HMRC assessed the disposal of the second property to CGT. Mr Crippin appealed, on the basis that it formed part of his principal private residence. The First-tier Tribunal (FTT) considered the evidence presented. The FTT were of the view that, following Lewis v Rook [1992], SC 171, it was possible for a physically separate entity to be part of a person’s main residence provided that certain conditions were achieved.

The FTT also considered (although unnecessary in the light of the conclusion on main residence relief) Mr Crippin’s alternative argument that Ms McKean already had 50% beneficial ownership of Benko. However, as Scots law does not distinguish between legal and beneficial ownership and the property was in Roger Crippin’s sole name (and situated in Scotland), this argument was rejected.

On balance the FTT found as a fact that the Crippin family kept ‘stuff’ in the bothy and that family members used the property enough to say that it was occupied as part of the family’s main residence, at least up to the point at which it was marketed as being for holiday lets. As the period from then to the sale fell within the final 36 months of ownership the whole of the gain on the disposal was eligible for only or main residence relief.

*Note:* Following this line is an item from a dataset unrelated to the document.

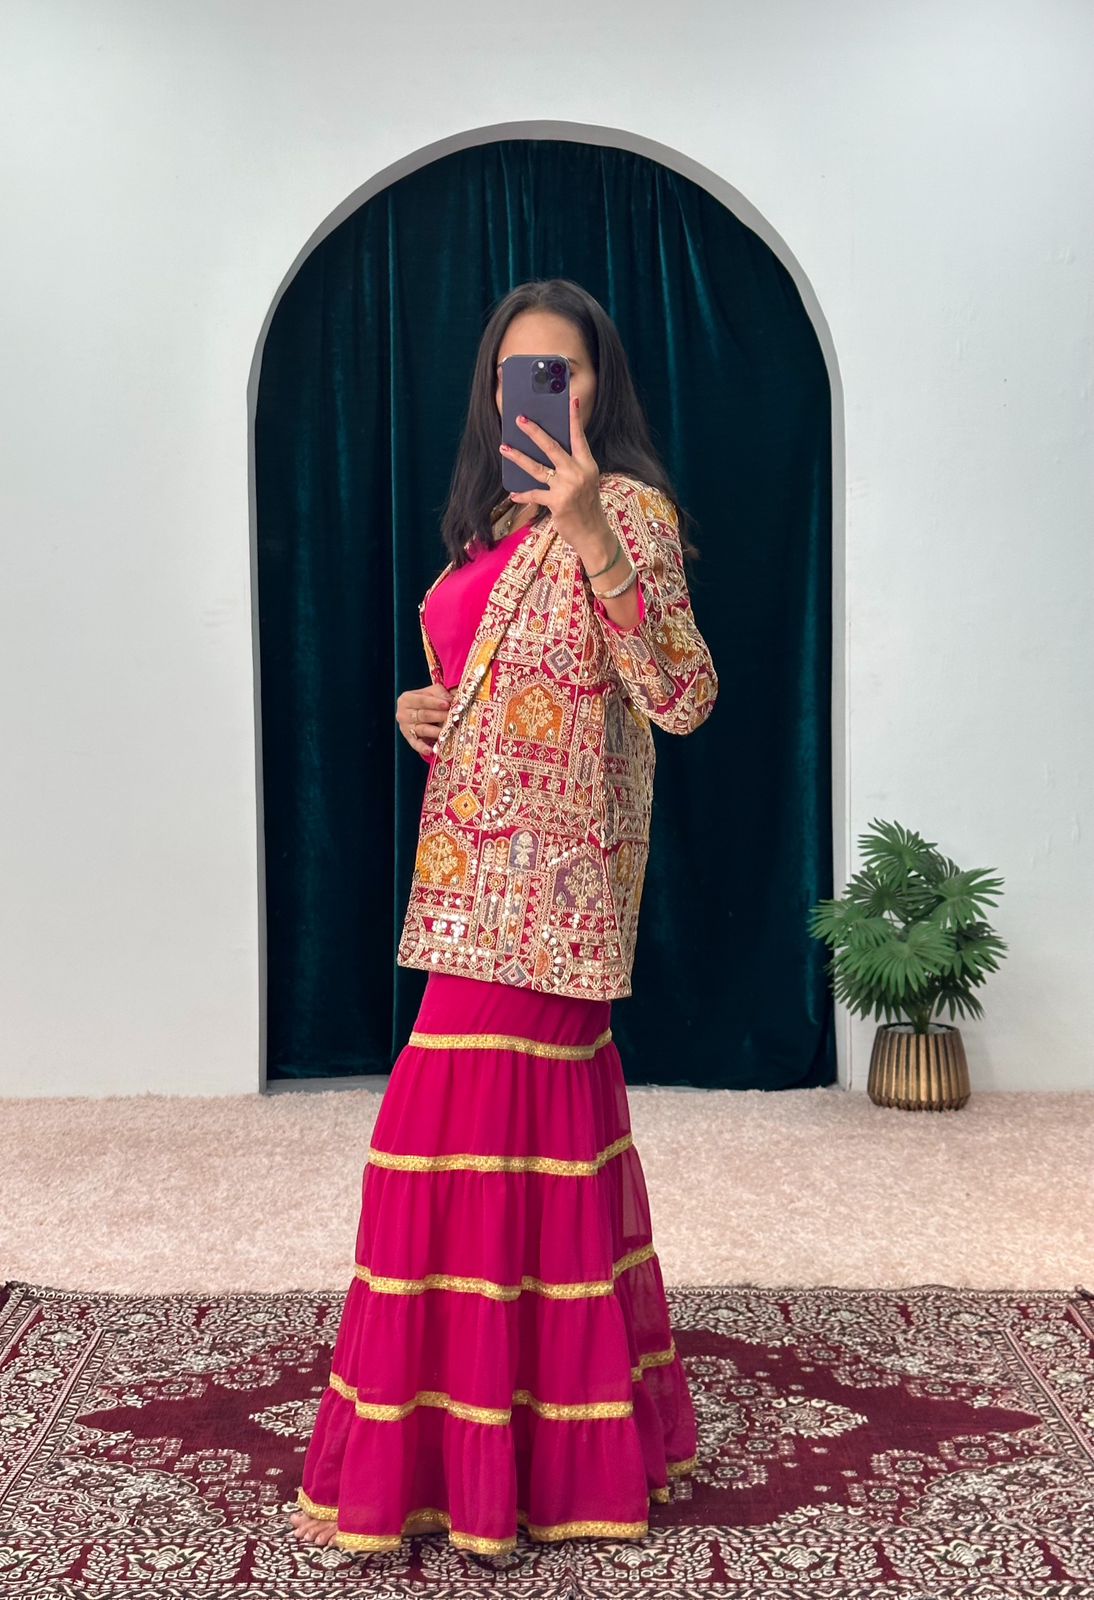 Outstanding Pink Color Top With Sharara And Jacket

The Crippin appeal was upheld by the FTT and there is a lot to learn from this case. The tax position of the partner (in this case Ms McKean) should be reviewed. The change to furnished holiday accommodation does mean the main residence relief will be lost but then a whole new wave of CGT reliefs will apply to that operation. Where any residence is purchased with an annexe/bothy/additional property in the grounds it is key to understand the SDLT on purchase and the CGT impact of use of the additional property. For anyone in such a position, plan ahead!